• _WORK TASK_
All pictures are to be omitted while the lines starting at the line with "Vaasreplica naar Galle" and ending at the line with "ニューバランス MR993TB 27.5cm" in the material below are retyped exactly, both ends included.

• _RECORDED DATA_

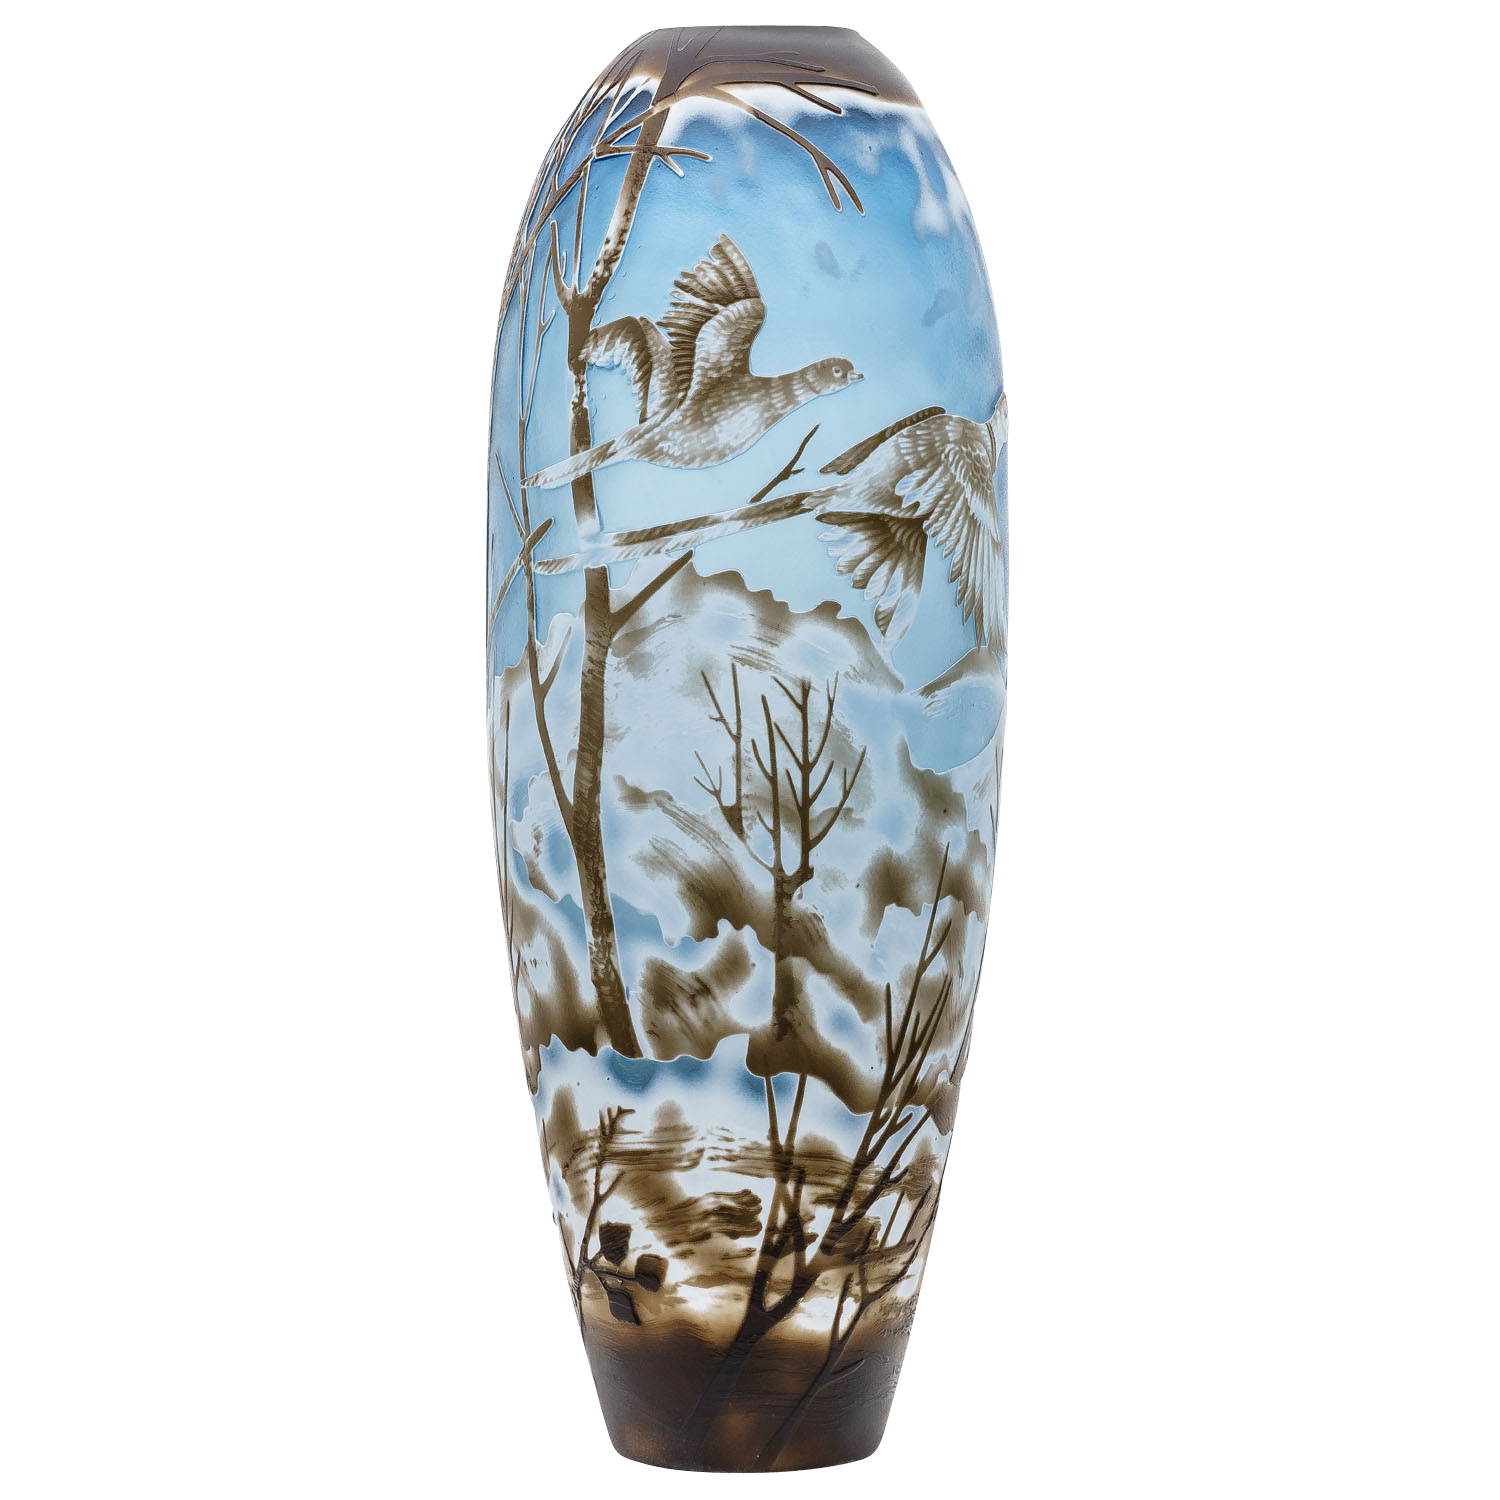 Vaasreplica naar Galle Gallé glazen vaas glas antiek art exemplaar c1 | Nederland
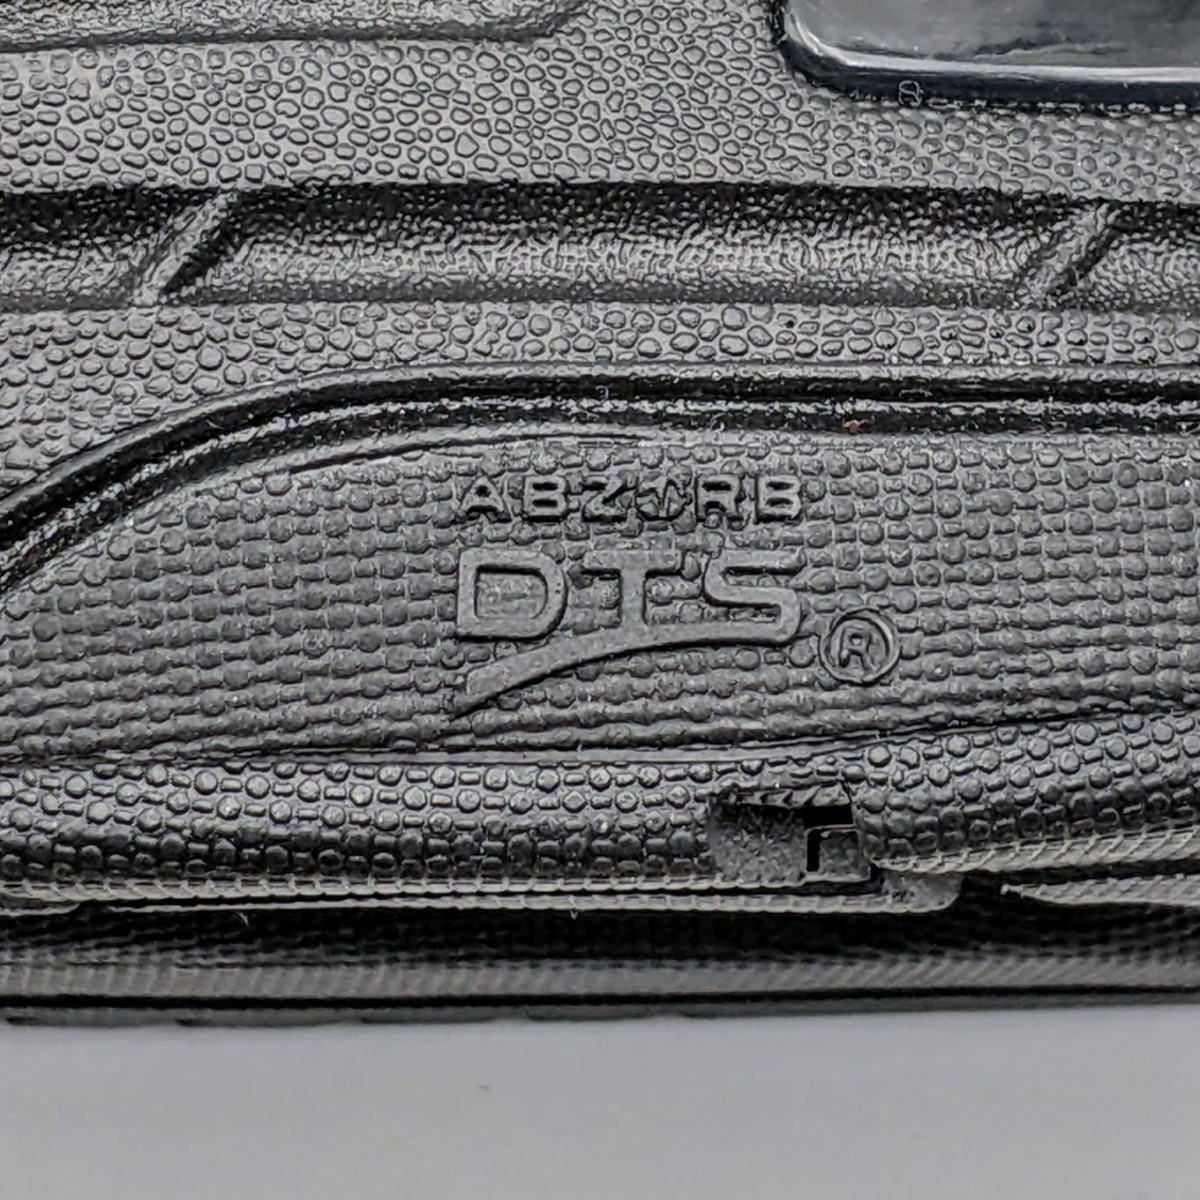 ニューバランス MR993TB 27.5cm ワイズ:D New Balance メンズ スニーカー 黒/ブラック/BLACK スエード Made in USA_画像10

---

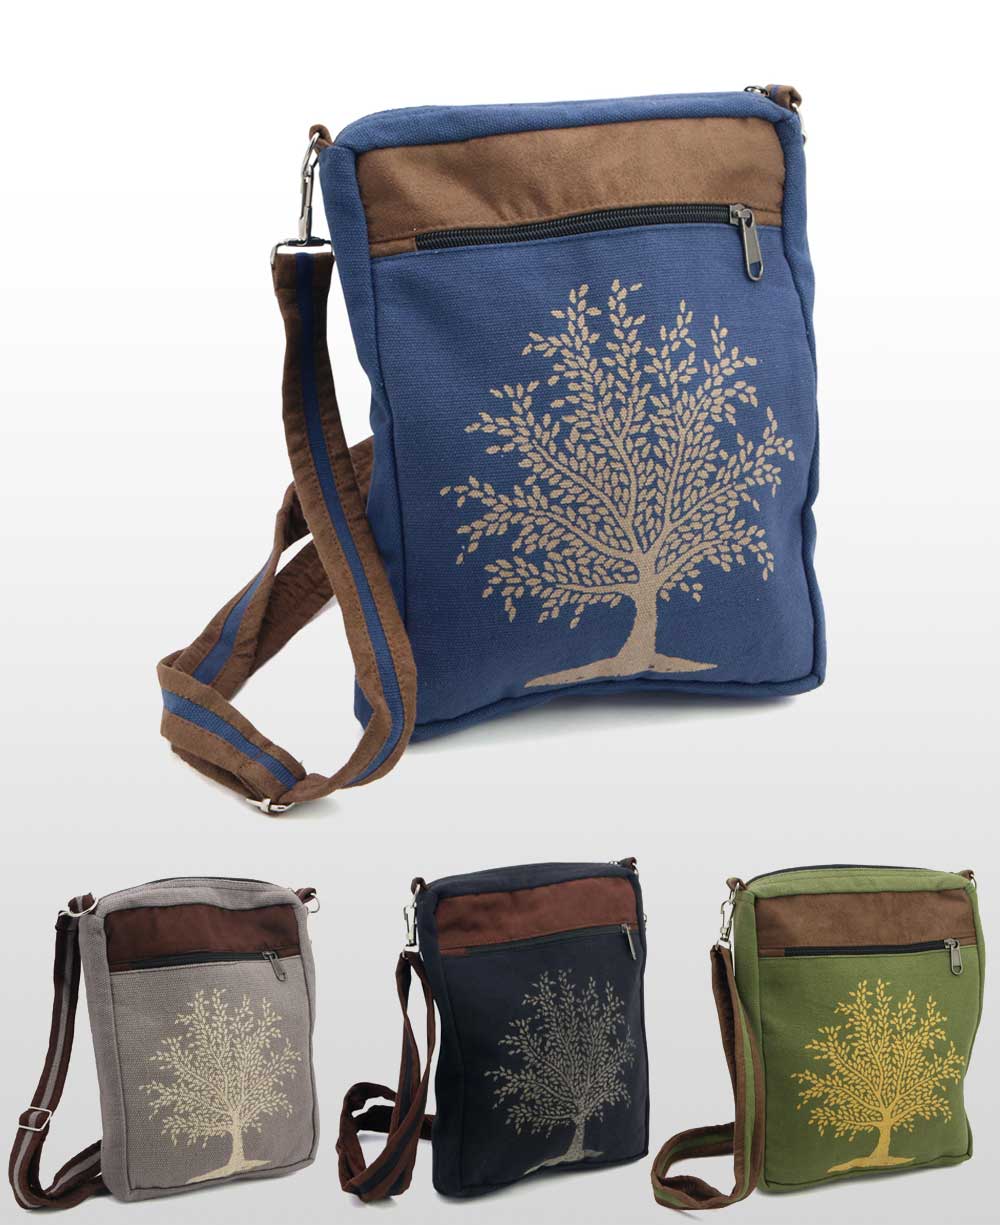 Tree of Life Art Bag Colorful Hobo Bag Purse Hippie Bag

• _SOLUTION TO THIS EXERCISE_
 Vaasreplica naar Galle Gallé glazen vaas glas antiek art exemplaar c1 | Nederland
 ニューバランス MR993TB 27.5cm ワイズ:D New Balance メンズ スニーカー 黒/ブラック/BLACK スエード Made in USA_画像10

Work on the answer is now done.